Posts Tagged ‘Off Season’

A Vacation from Training

December 19, 2013 1 comment

ExcusesFrom a training perspective, December is proving to be a total write-off…

It started with 2 weeks of Total Brain Rest after my concussion playing Hockey Football Bungee Jumping… [sigh] volleyball.  I was worried at the time it would derail the fantastic momentum I had going… and I was right.  But I haven’t exactly gotten back on the horse since then.  Sure, I’ve been to the gym a whole 4 times this month.  I guess that’s better than nothing (marginally).  It’s a far cry though from what I had planned.

I could blame a busy month at work.  I could blame the busy holiday season.  I could blame the cold, or the snow.  But really, the problem is simply that my Give-A-Shit levels are pretty low this month.  And I’m perfectly okay with that.

I left work at 4:00 today and am now officially on VACATION for 11 days (well, for the most part).  Tomorrow we begin our Whirlwind-11-Day-Cross-Country-Family-Visiting-Tour!


No, we don’t intend to drive to Edmonton… but I was lazy, and it was easier to do this than to open up photoshop and draw a ‘flight’ line

We’re bringing our running shoes, and I hope to get out for a few casual runs over the break – not because I have a plan to keep, or a race coming up, but for the enjoyment of running.  Simply that.  I have a training plan mapped out for the new year to start working back into a routine, and I’m actually looking forward to getting back into it.  But as much as I need a vacation from work right now, I’m taking a vacation from ‘training’ as well.

How do you know when you need to take a break from your plan?

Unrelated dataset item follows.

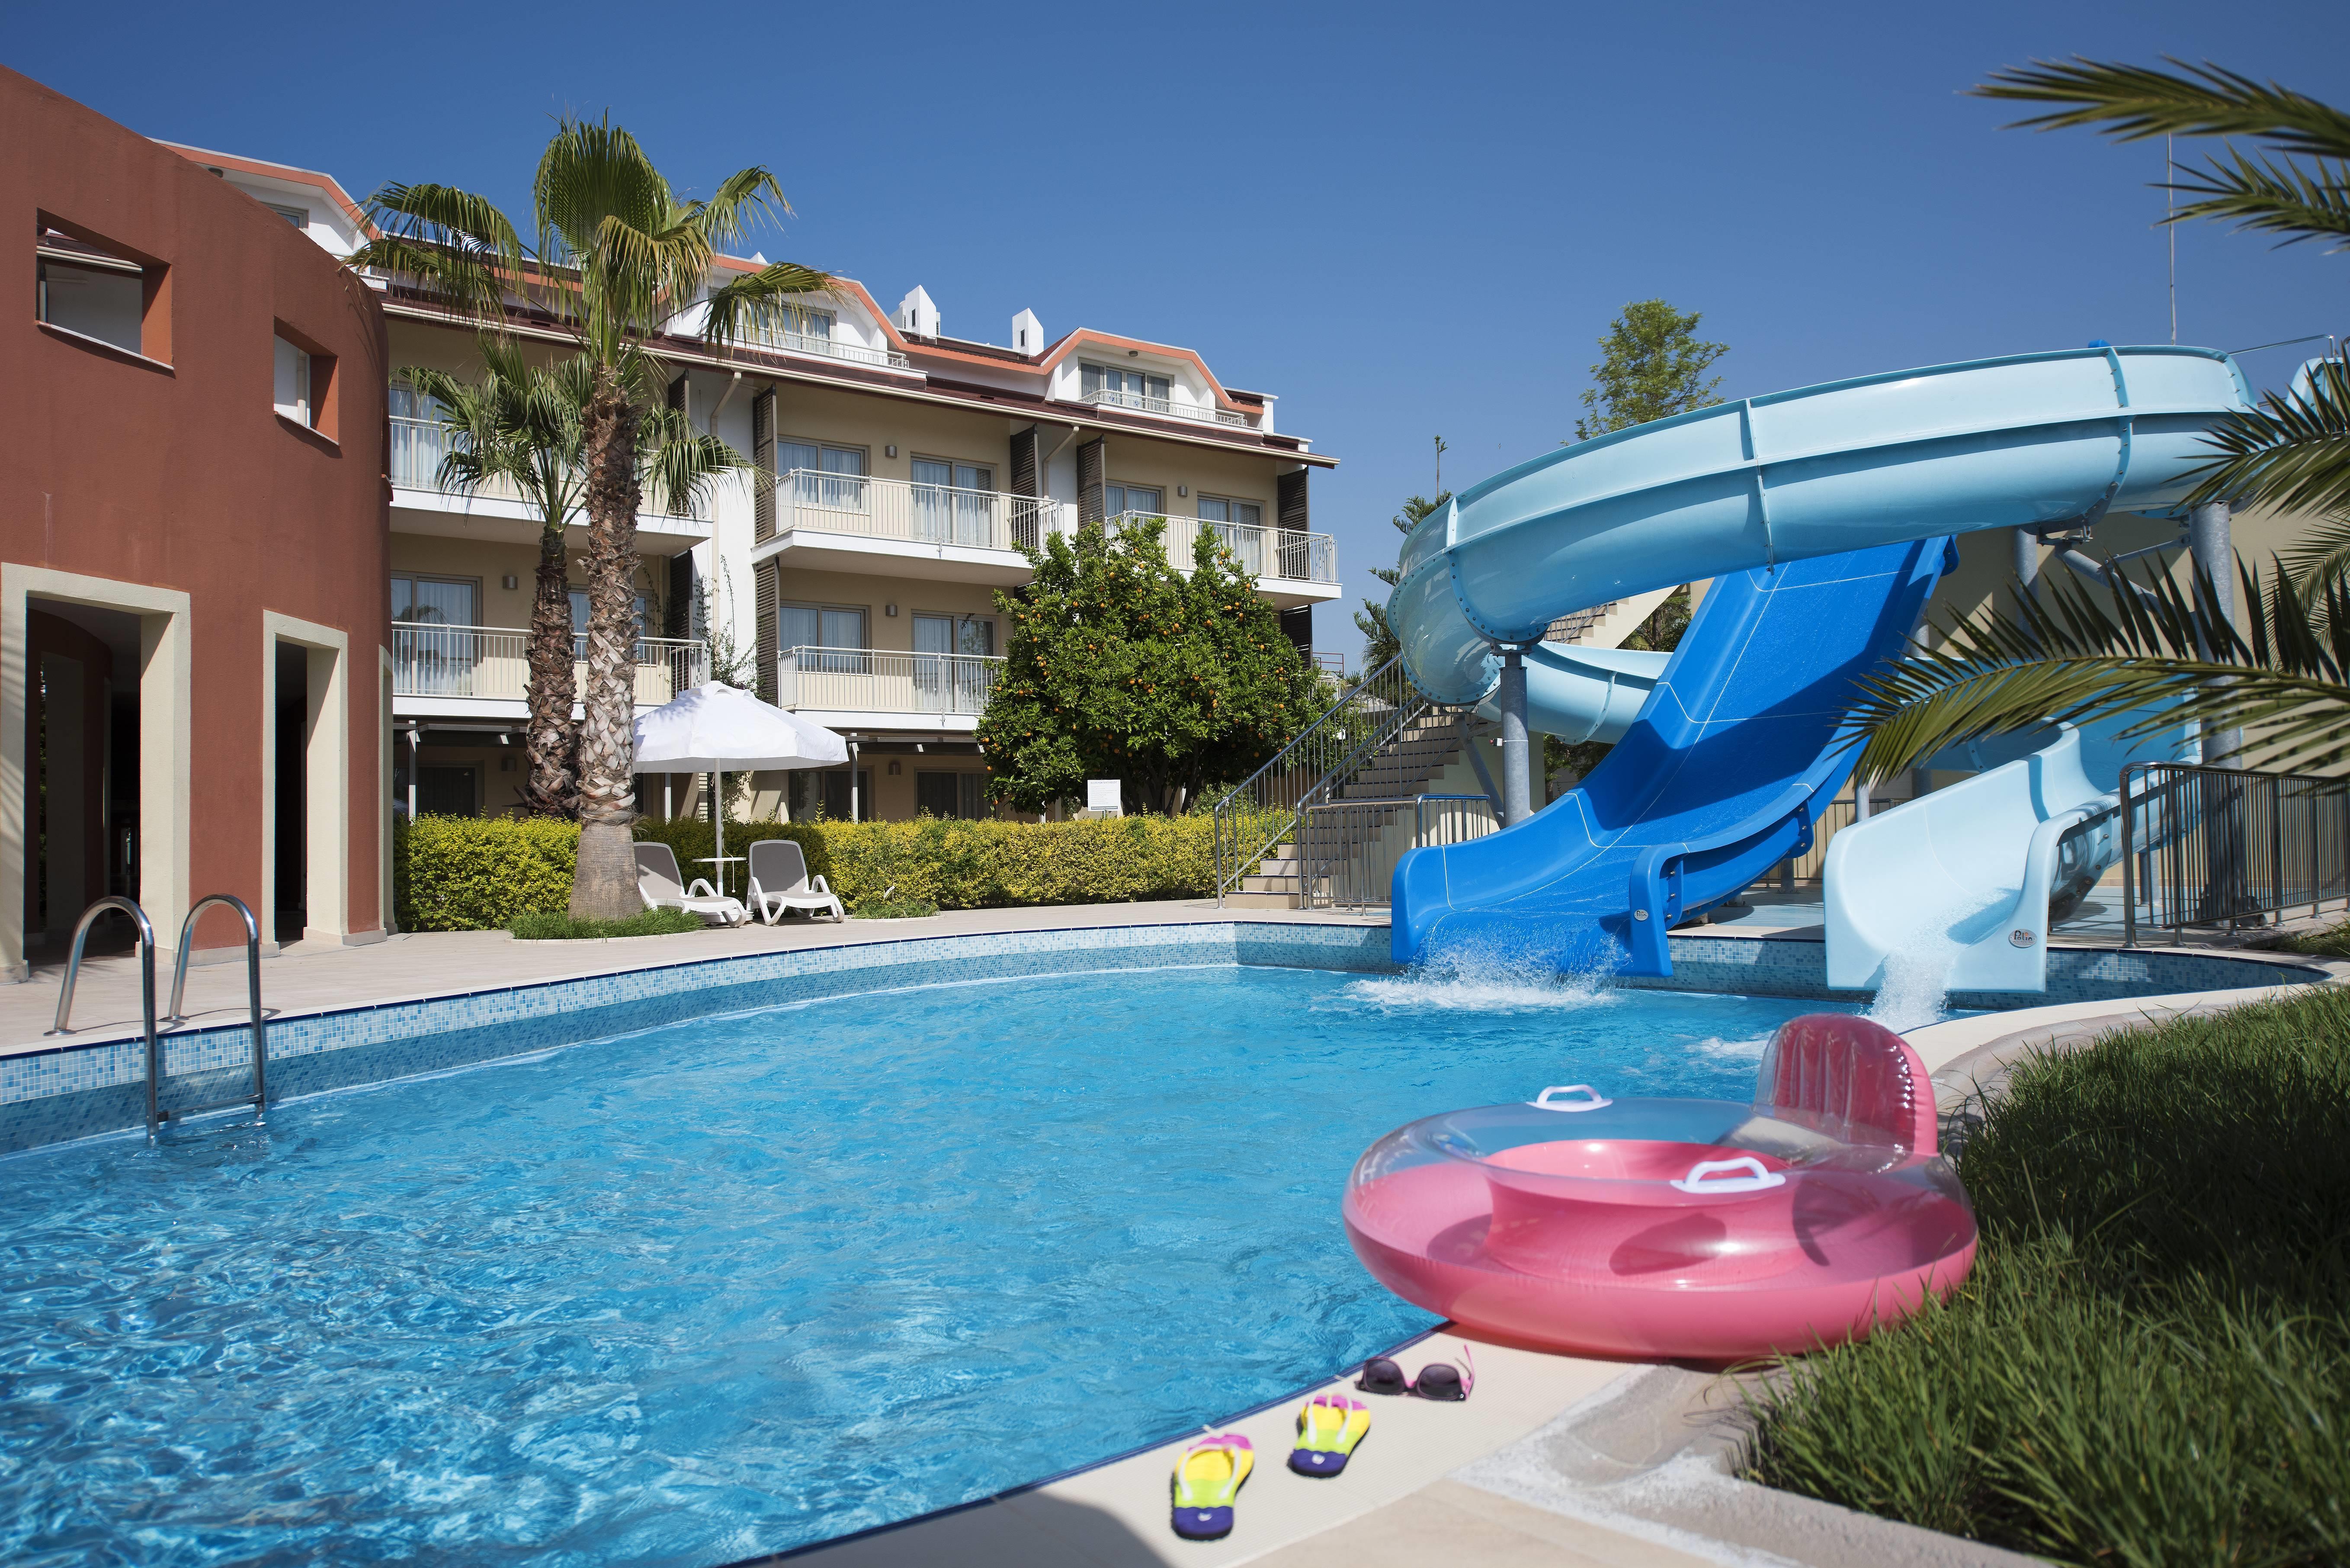 Barut B Suites 4* - bazén so šmýkačkami

Back to Basics (or “I Still Hate Mornings”)

November 19, 2013 1 comment


It’s the off season.  Right in the thick of it.  Which means there isn’t much story telling to do (which means there isn’t much blogging to do).  There’s no races to recap.  There’s no new gear to report on.  There’s nothing really exciting to share.

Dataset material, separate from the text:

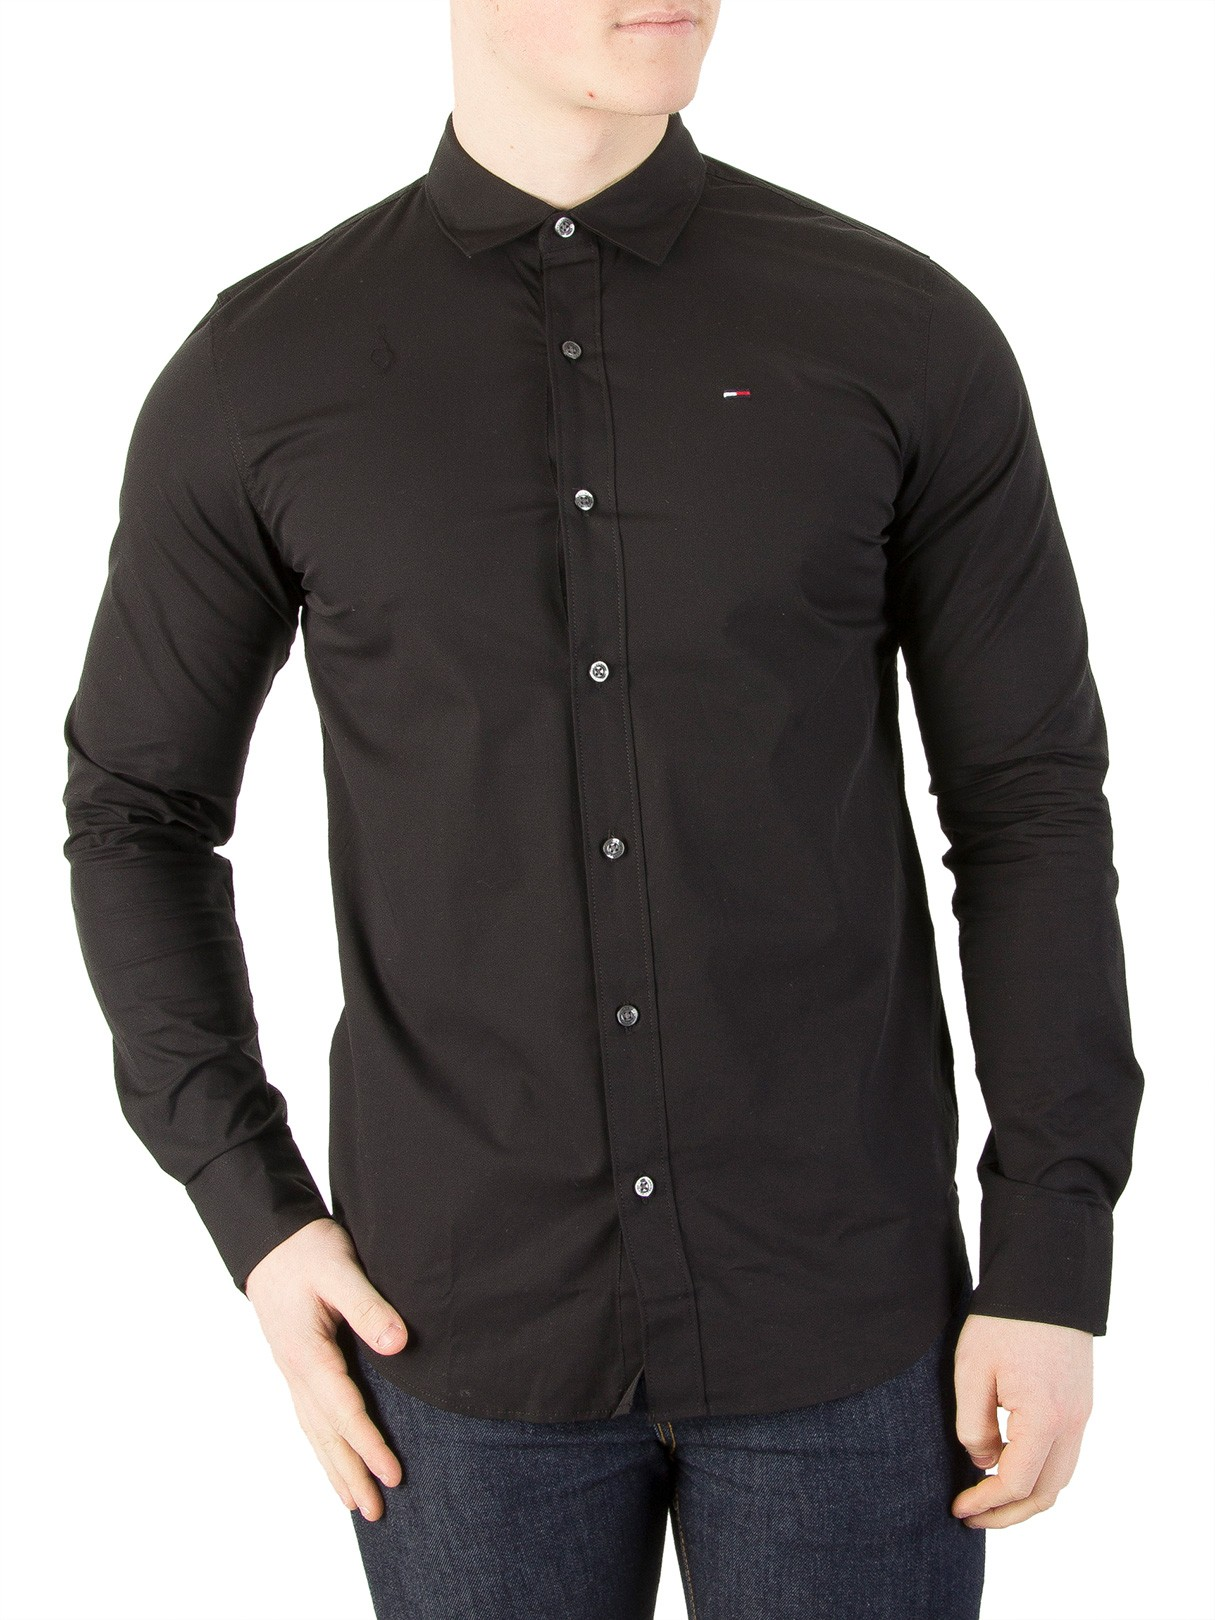 bdefb9c59 Tommy Jeans Tommy Black Original Slim Fit Stretch Shirt | Standout

And right now I kinda like it.

I’m focusing on going back to basics, and probably will until the end of 2013.  And for me, basics start at 5:15am…

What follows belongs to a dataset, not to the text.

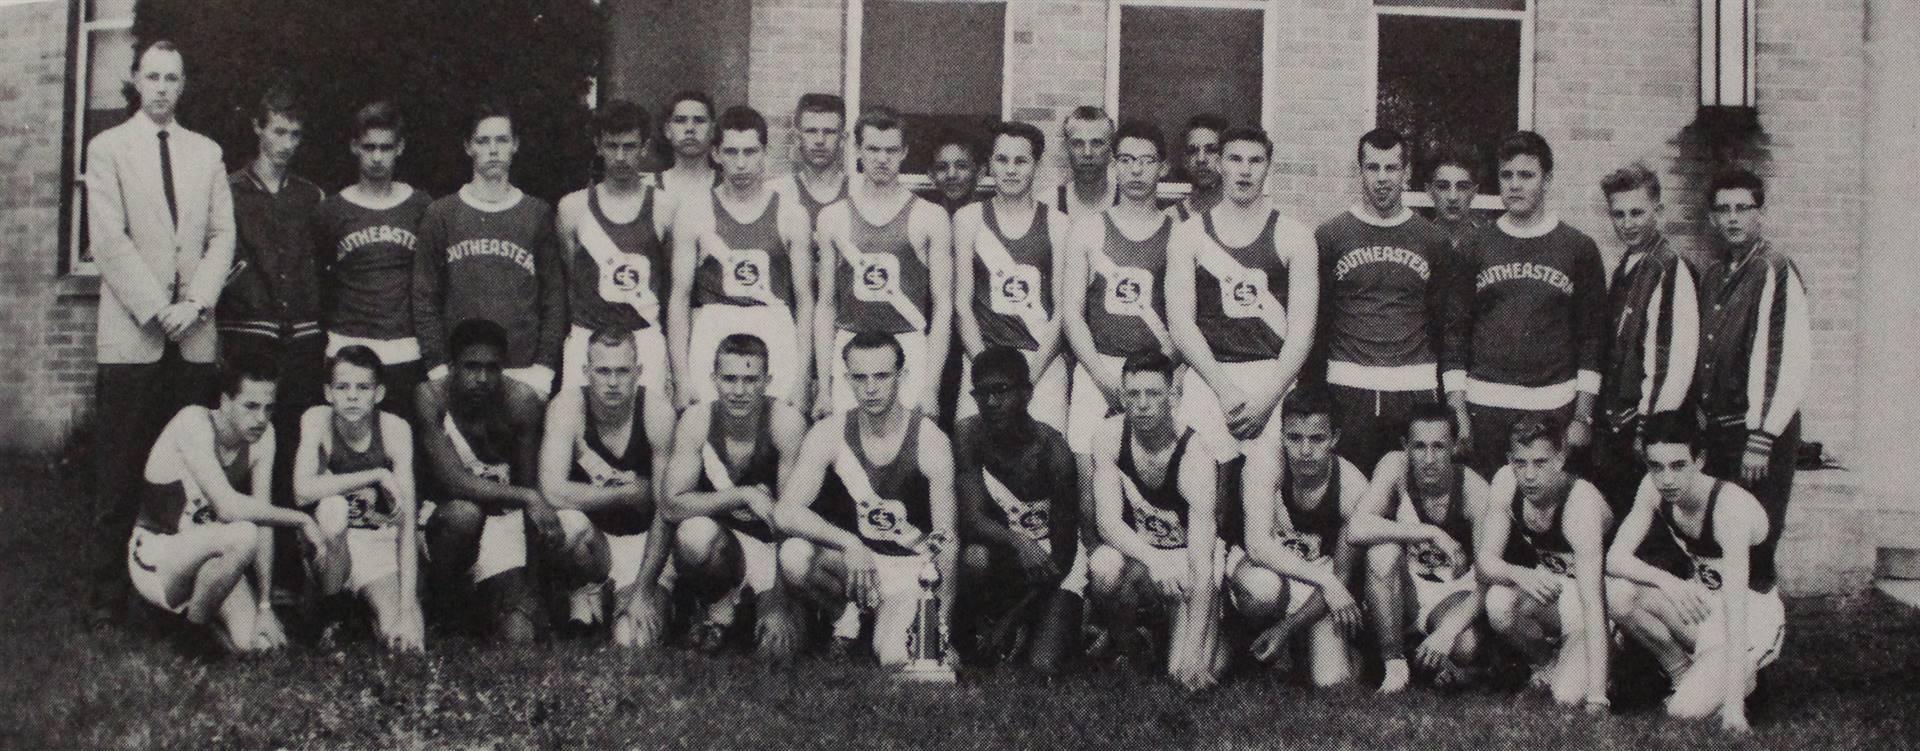 1961 Track

(Before anything else, let me state here my complete respect and admiration for everyone out there who has children and manages to juggle their routines as well as their own.  At this point in my life, I simply couldn’t do it.  My hat is off to you!!)

ride alarm

5:15am.  That’s when my alarm goes off.  Every morning.  It’s terrible.  TERRIBLE!!!  It’s still dark, and very cold (and is only going to get colder).  And my bed is warm and soft and I would love to roll over for another 2 hours.  But a wise friend of mine once expressed to me [paraphrased] that “the choices you make reflect the priorities you hold” (I think he actually phrased it as “the places you spend your money reflect the priorities you hold”, which is even more true, but spending is a subset of choice and I think this equally applies).  It took me a few years, but I’m finally starting to understand it (thanks Jeremy, if you’re reading this).  I hate waking up in the morning.  But I’m really eager to see just how good I can be as a triathlete (and how healthy I can be as a person) if I commit to a routine and stick with it.  And being a better triathlete – and a healthier person long term – is worth so much more to me than lazing in bed an extra few hours.  So 5:15 it is.

The first bus comes by my house at 5:56am.  The gym doesn’t open until 6:00am anyway, so there’s no point getting up any earlier than 5:15.  That gives me enough time to throw some clothes on, shovel in some food, and be at the bus stop on time.  (PS – standing outside for the bus before 6:00, in Ontario, in the winter, is miserable.  Seriously why can’t the first bus of the day be on time?!?)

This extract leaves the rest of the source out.